We believe there is a better methodology to solve the liquidity problem, and are introducing the idea of using of "trading value" as a weighting determinant in index construction.

Trading Value Definition

"Trading value" is defined as: Price x Number of Shares Traded.

In the formula above, TV is trading value, P is share price, S is number of shares traded (volume), n is number of trades in a day. The formula essentially represents the weighting of each component in the index (its share price multiplied by its trading volume for dollars traded in each stock daily) as a part of the total dollar amount of shares traded in the index, calculated within a given time factor.

Simply put, trading value measures all of the actual transactions taking place in the market, therefore giving the most accurate representation of the market and, consequently, its liquidity.

When we look at the evolution of index weighting methodologies, moving from price to market cap to freefloat- adjustments, it is clear that liquidity has been the primary concern for investors. The idea of using trading value to weight components in an index is the ultimate answer to investors' pursuit of the critical liquidity factor.

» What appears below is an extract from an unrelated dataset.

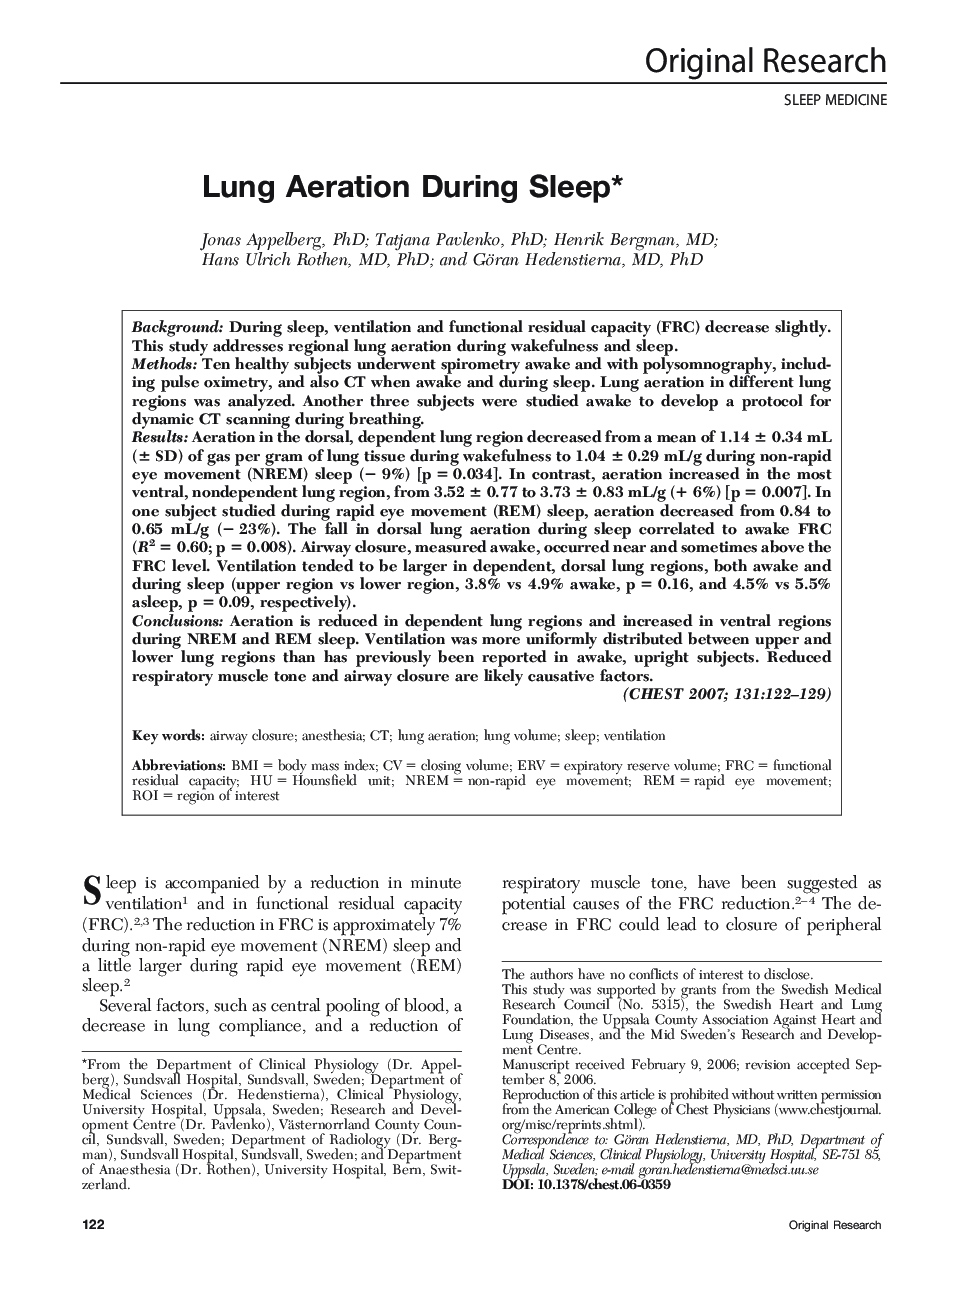 Lung Aeration During Sleep

The New Era Of Index Weighting

Index weighting is clearly an important factor in constructing indexes. The right weighting system makes indexes more realistic as benchmarks, and more easily "investable" for even the largest investor. Investors and index publishers alike have not paid much attention to index weighting in the past. Fortunately, things have changed, and index weighting is now a topic of discussion among investors and index publishers, which we believe will lead to better methodologies.

Our preliminary study indicates that the market-cap weighting difference between the largest stock and smallest stock can be as big as 1,000 times in the S&P 500 Index, which means that the smallest stocks have an insignificant impact on the index. By using trading value to weight components, the differences in weight between top and bottom stocks in an index could be reduced substantially, with some of the more liquid, actively-trading small-cap stocks gaining more representation in the index.

Theoretically, we also expect to see better performance for trading-value weighted indexes vs. traditional floatadjusted indexes, as smaller companies generally outperform larger ones over time; when smaller stocks are assigned a larger weight in an index, their performance will contribute more to the bottom line. This could be another potential benefit of using trading values in index weighting.

While market capitalization represents the economic importance of a company, and while free-float-adjustment tries to account for liquidity, trading value measures exactly what is happening in the marketplace. We are confident that, from the investment perspective, trading value would be the ideal weighting methodology in constructing indexes.